Ornado berkata dalam hati sambil menahan nafasnya sebentar, tidak habis pikir dengan sikap James dan Dario yang bisa-bisanya saling melempar senyum, tapi bibir mereka juga saling menyerang dan mata mereka saling menatap tajam.


“Sudahlah James, jangan menggoda Dario terus.” Akhirnya Ornado berusaha menengahi pembicaraan mereka, karena dilihatnya tatapan mata antara James dan Dario terlihat saling menyerang dengan tatapan tajam, padahal mereka saling melempar senyum di wajah mereka.


“Aku hanya ingin Dario segera menikah, jadi dia bisa memiliki sebuah keluarga dan membangun rumah impiannya bersama gadis pilihannya. Sebenarnya gadis hebat mana yang sudah berhasil membuat hatimu terpenjara oleh pesonanya itu Dario?” James masih saja meneruskan kata-katanya tanpa merasa bersalah.


James berkata dalam hati sambil menatap dalam-dalam ke arah Dario dengan wajah terlihat serius.


“Jangan khawatir, jika sudah tiba waktunya, kalian semua akan tahu siapa wanita itu.” Dario berkata dengan nada santai, lalu mengalihkan pandangannya pada Dave yang tadinya hanya diam mengikuti permbicaraan mereka tanpa berkomentar apapun.


“Ah, Dave, daripada pusing memikirkan tentang perkataan James, lebih baik kita bahas rencana kerjasama kita.” Dave langsung tersenyum mendengar perkataan Dario.

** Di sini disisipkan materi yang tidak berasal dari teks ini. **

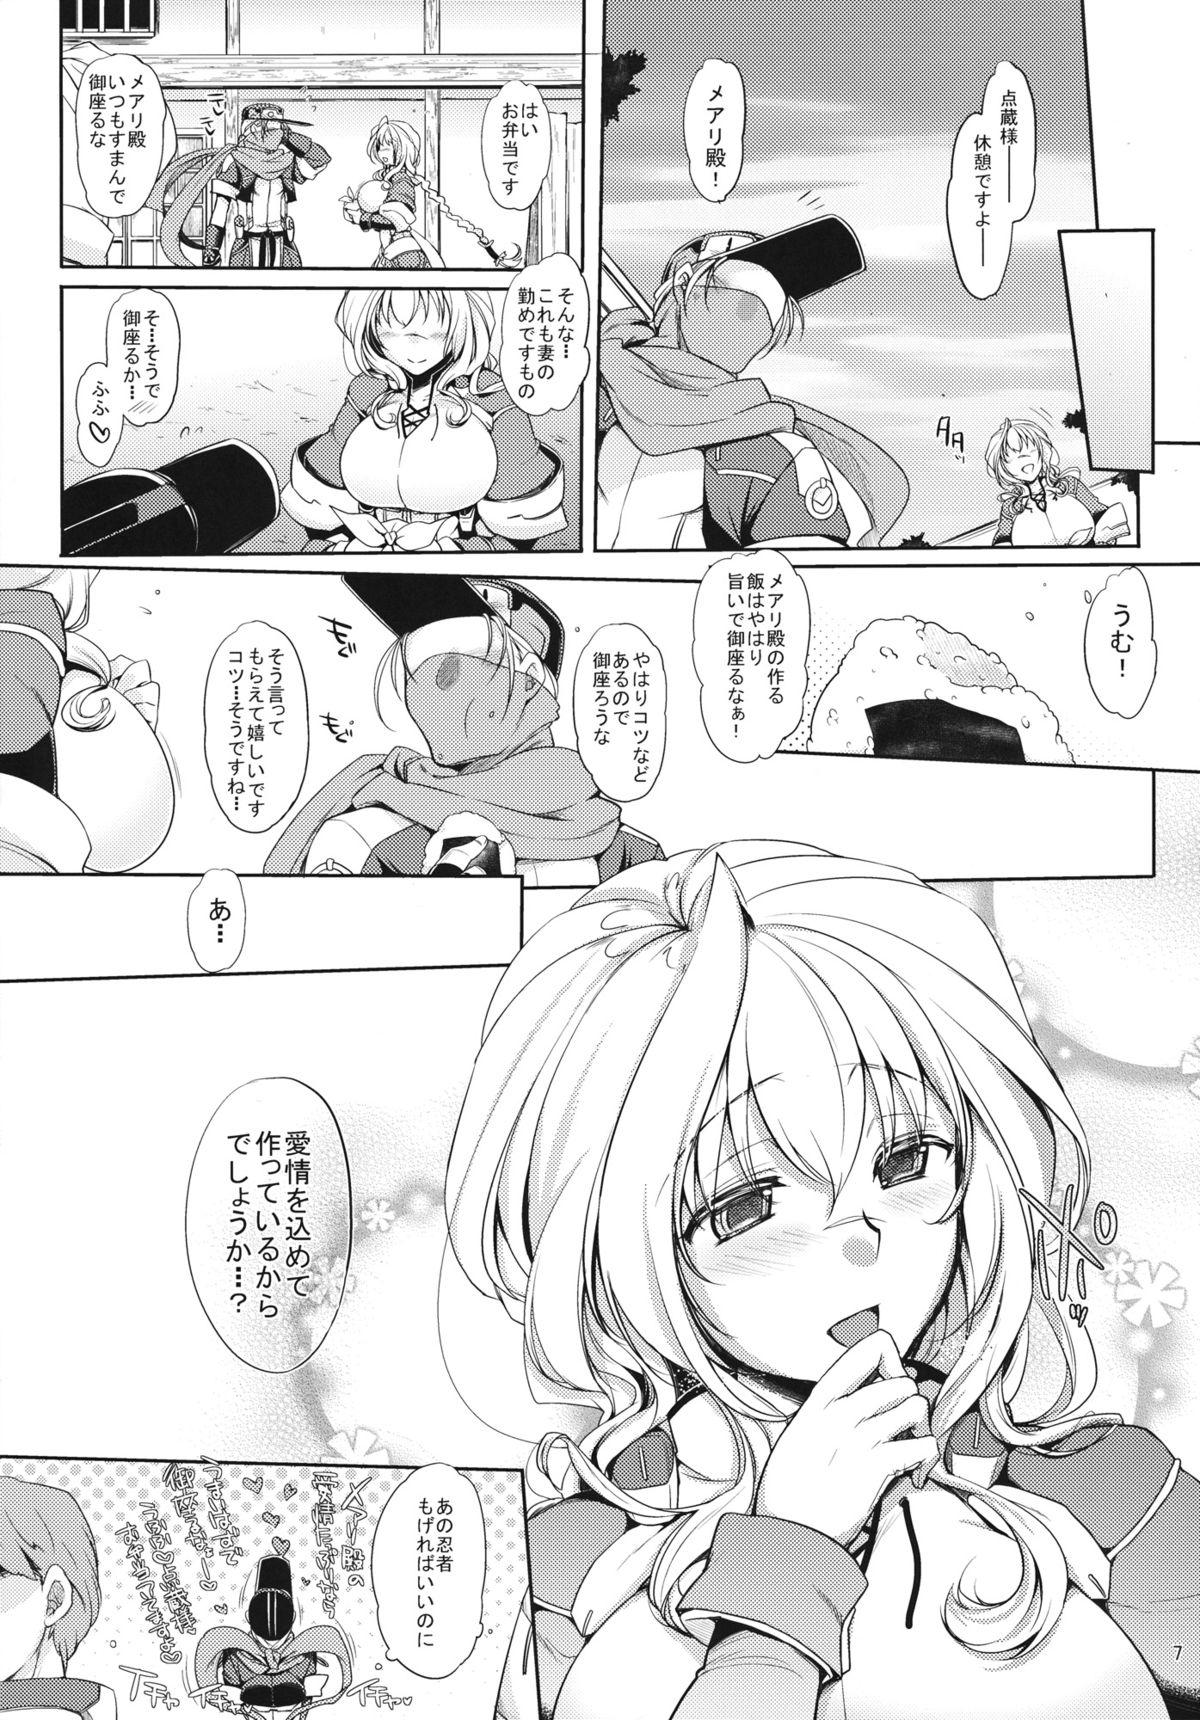 Athletic Water lily - Kyoukai senjou no horizon Realsex - Page 6

“Dengan senang hati, aku akan menunggu tentang hasil dari surat penawaran kerjasama yang kamu katakan, sedang kamu siapkan untukku.” Jawaban Dave membuat Dario mengangguk dengan wajah terlihat senang, karena Dave mulai menanggapi ajakan kerjasama yang sempat dia bicara beberapa waktu lalu.


Beberapa waktu kemudian, para lelaki tampan itu menjadi serius membicarakan tentang bisnis mereka masing-masing, saling bertukar pikiran tentang usaha yang sedang mereka geluti, dan juga saling membicarakan pengalaman masing-masing selama mereka menjalalankan bisnis mereka.

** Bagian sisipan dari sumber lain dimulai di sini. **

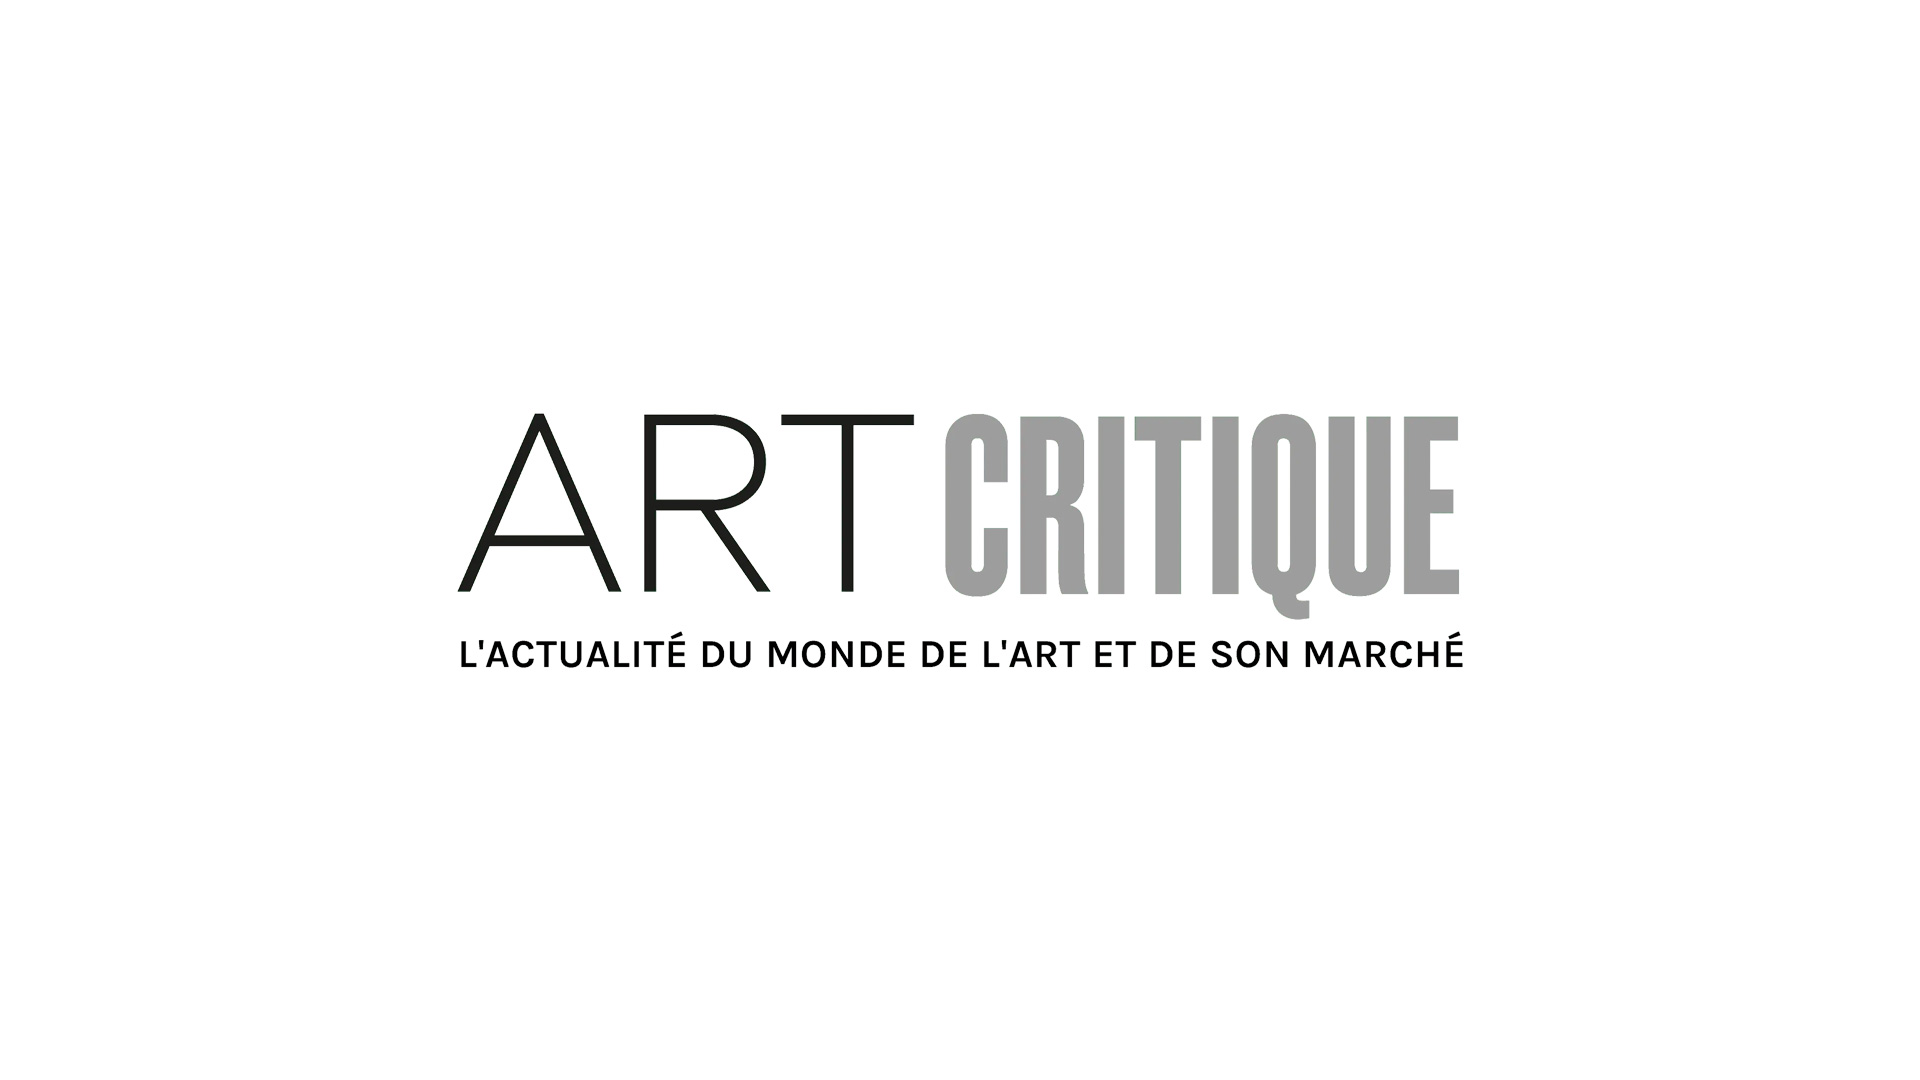 Faire signe : Isidore Isou au Centre Pompidou

Sampai pada akhirnya Dario yang sebenarnya menunggu munculnya sosok Cladia di tempat itu sedari tadi, mulai penasaran dengan keberadaan Cladia yang tidak juga muncul dan bergabung bersama mereka.

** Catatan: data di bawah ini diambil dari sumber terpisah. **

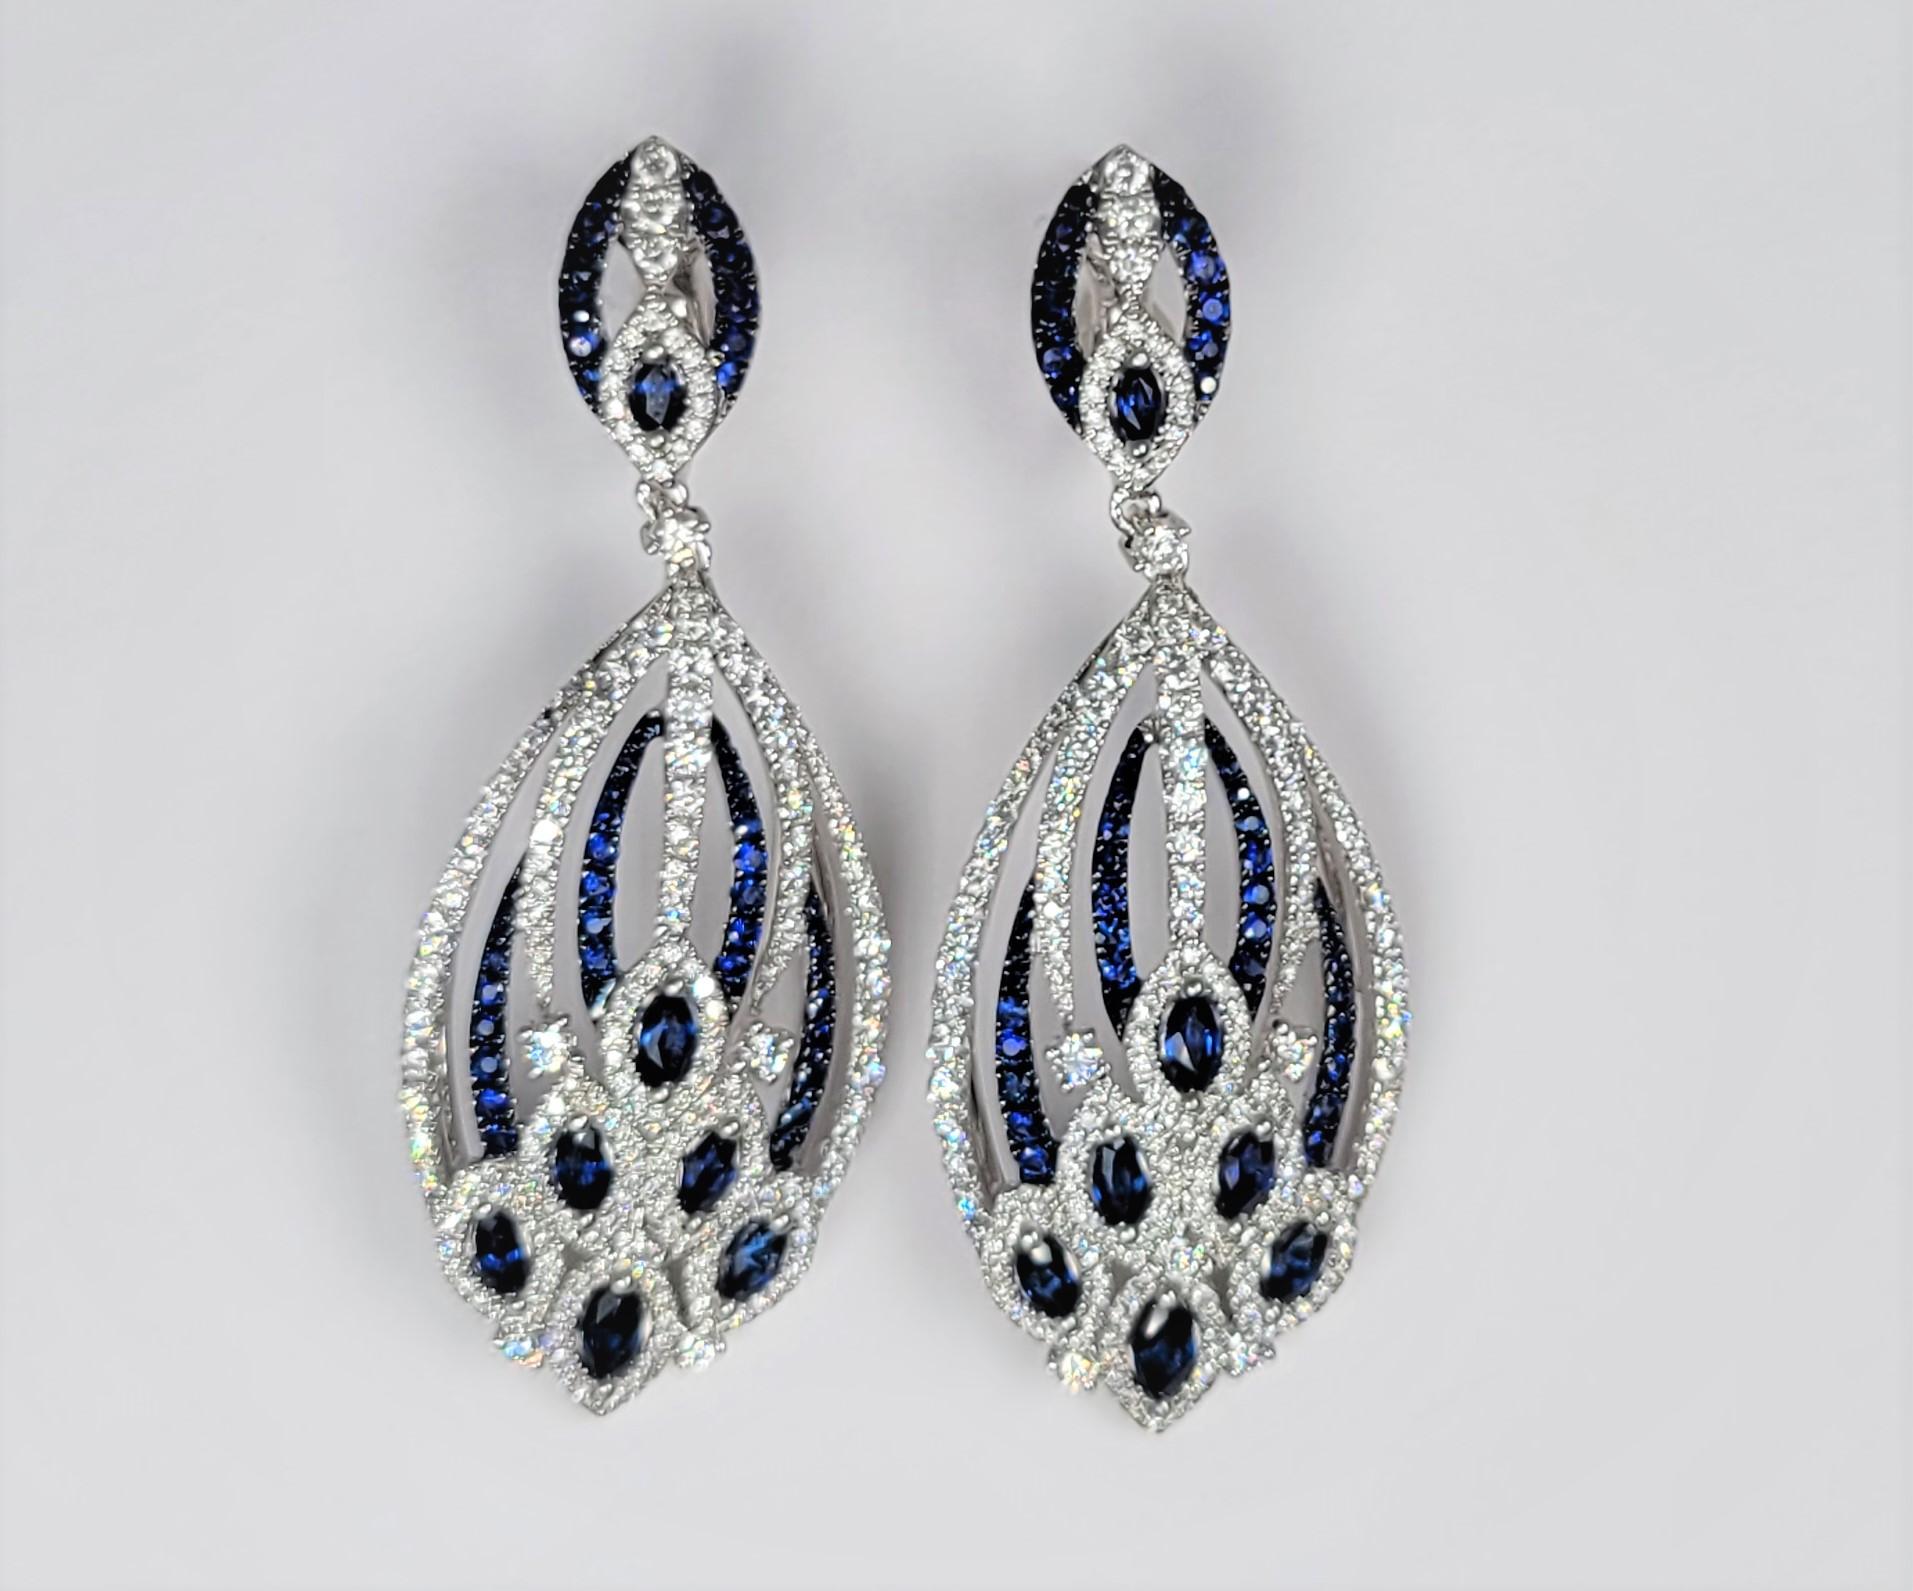 Superbes boucles d'oreilles en diamant et saphir bleu en or blanc 18 carats.  Le rhodium noir accentue les saphirs bleus.  Estampillé LTJ.

"Kalian berkumpul di sini dengan meninggalkan para istri kalian?" Dario akhirnya bertanya setelah beberapa saat matanya mencoba mencari sosok Cladia dan tidak mendapatinya ada di sekitar sana.


"Tidak juga, mereka sedang menikmati waktu belanja mereka, dan kami sedang menikmati waktu sore kami, sehingga bisa berbincang dari hati ke hati antar pria." Ornado langsung menjawab pertanyaan Dario sambil tersenyum.


“Ah, kalau begitu aku tidak perlu sungkan mengobrol berlama-lama dengan kalian yang sekarang statusnya lajang karena tidak ada istri kalian di sini.” Perkataan Dario membuat Ornado, Alvero dan Dave tersenyum.


“Hah, sepertinya jika para wanita itu sudah kembali, hanya tinggal Enzo dan James harapan bagimu untuk menemanimu sebagai sesama bujangan.” Dario dan Enzo langsung tertawa mendengar perkataan Ornado, tapi tidak dengan James, yang seolah mengerti bahwa Dario sedang menunggu hadirnya sosok Cladia.


Ist, dasar Ornado! Siapa juga yang mau berlama-lama menemani Dario. Apa Ad tidak tahu? Atau pura-pura tidak tahu kalau kakak angkatnya ini sepertinya menyimpan perasaan khusus pada istrinya sejak mereka masih kecil juga?


James berkata dalam hati sambil memandang ke arah Dario, namun segera mengalihkan pandangannya karena Dario juga sempat meliriknya sekilas, tidak ingin Dario bisa membaca raut wajahnya yang tidak suka saat Dario mulai menanyakan tentang para wanita itu.